SMAC - $1 Trillion Industry By 2020

At least 5-6 lakh people will soon be employed in the space, according to Ganesh Natarajan, CEO, Zensar Technologies

The size of the overall SMAC industry globally will be close to $1 trillion by 2020. From the Indian software exporters’ point of view, it will be $15 billion within the next three years, and over $ 225 Billion by 2020.
Translating that to people it would mean at least 5-6 lakh people employed in this space by that time.
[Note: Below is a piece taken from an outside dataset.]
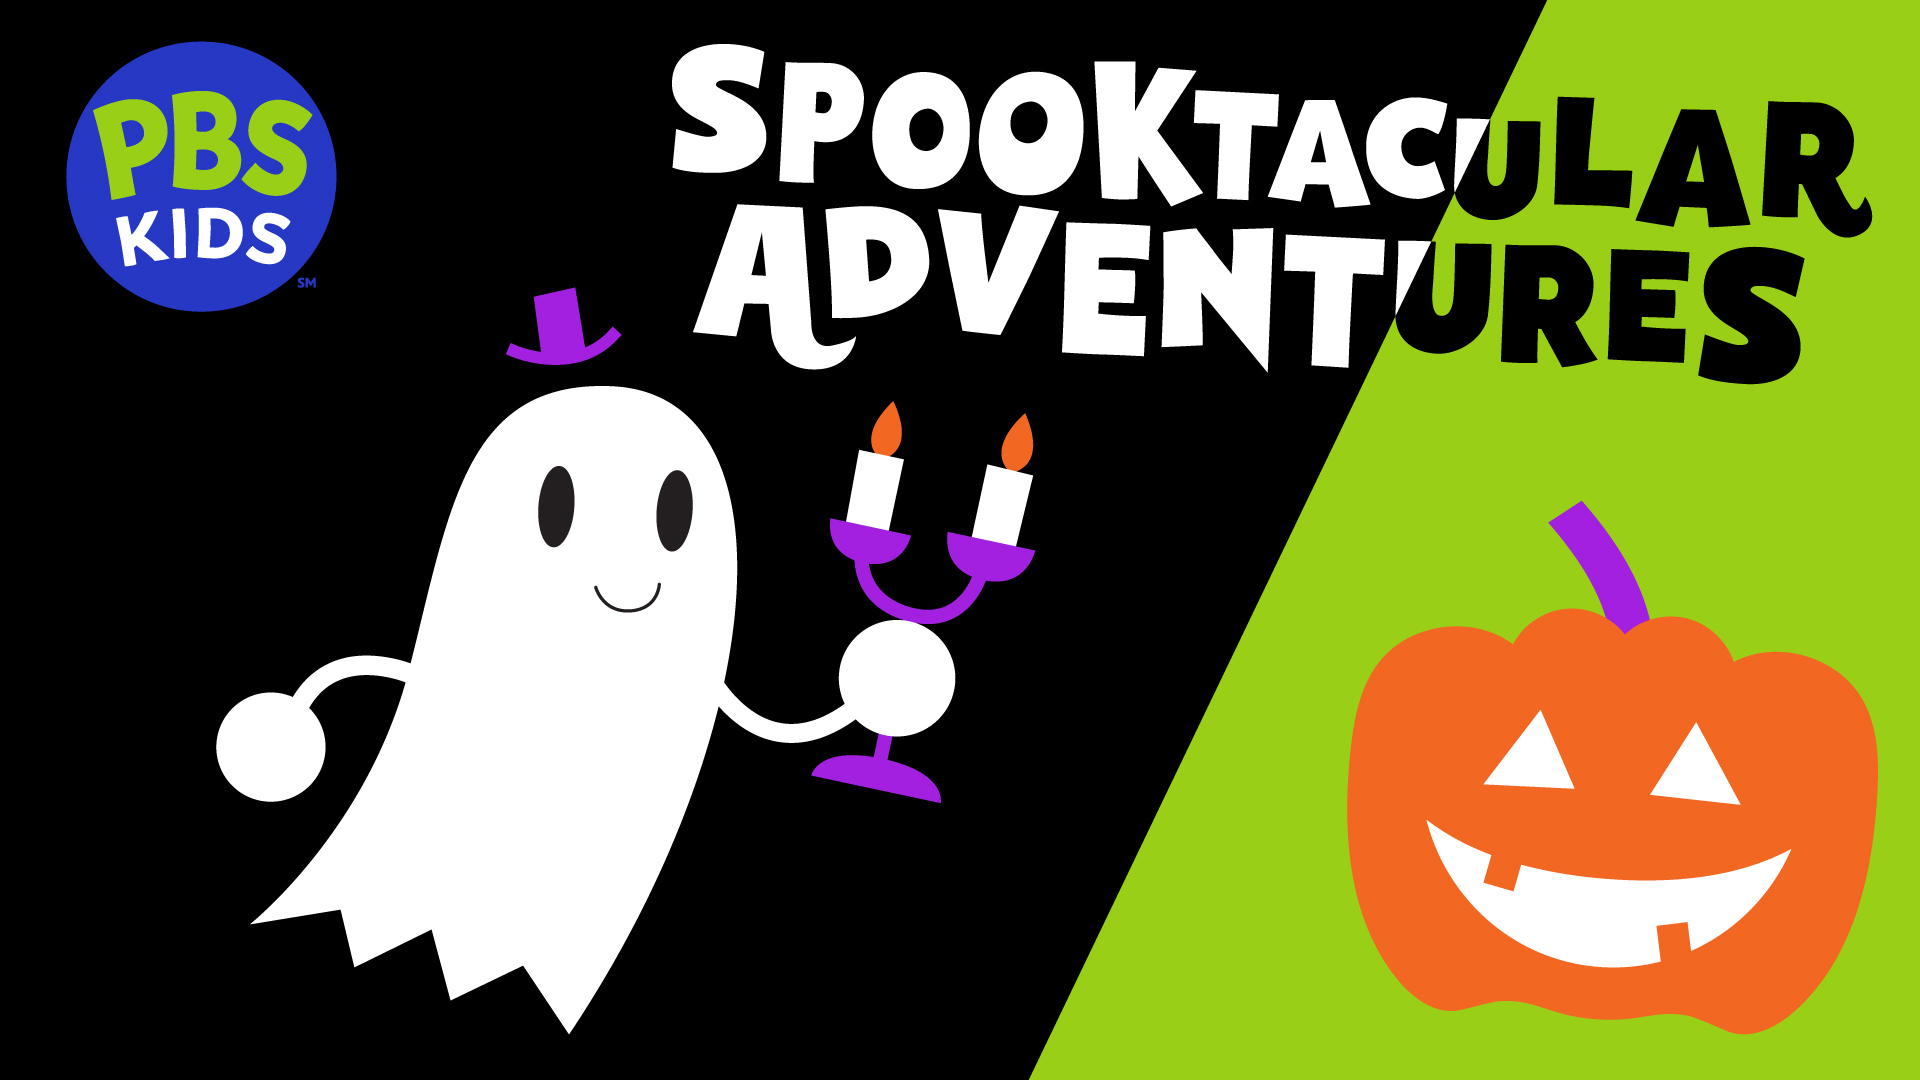 PBS KIDS Spooktacular Adventures

Zensar Technologies has a Digital Enterprise group focusing on digital transformation solutions, where we work with clients in the US, Europe and India to understand what applications can be taken to the Cloud, which is almost 30 per cent of the SMAC opportunity.
The second area is Social Listening involving analysis of information on the social media. Zensar provides a service that will enable our clients, especially those who are interacting with consumers directly and often, like insurance companies, retail banks, etc. on how to improve their marketing initiatives or service quality etc. This service involves a rich interweave of social media monitoring and applying analytics to it to help the client make informed decisions and very often in real time. A lot of marketing analytics is based on what is happening in the social media today. Increasing number of users are the Gen Y, and being digital natives their access to social media and their use of it for any transaction is immense, thus churning out a lot of data all the time. Big Data is about combining intelligence from your own measuring systems with what the world is talking about you.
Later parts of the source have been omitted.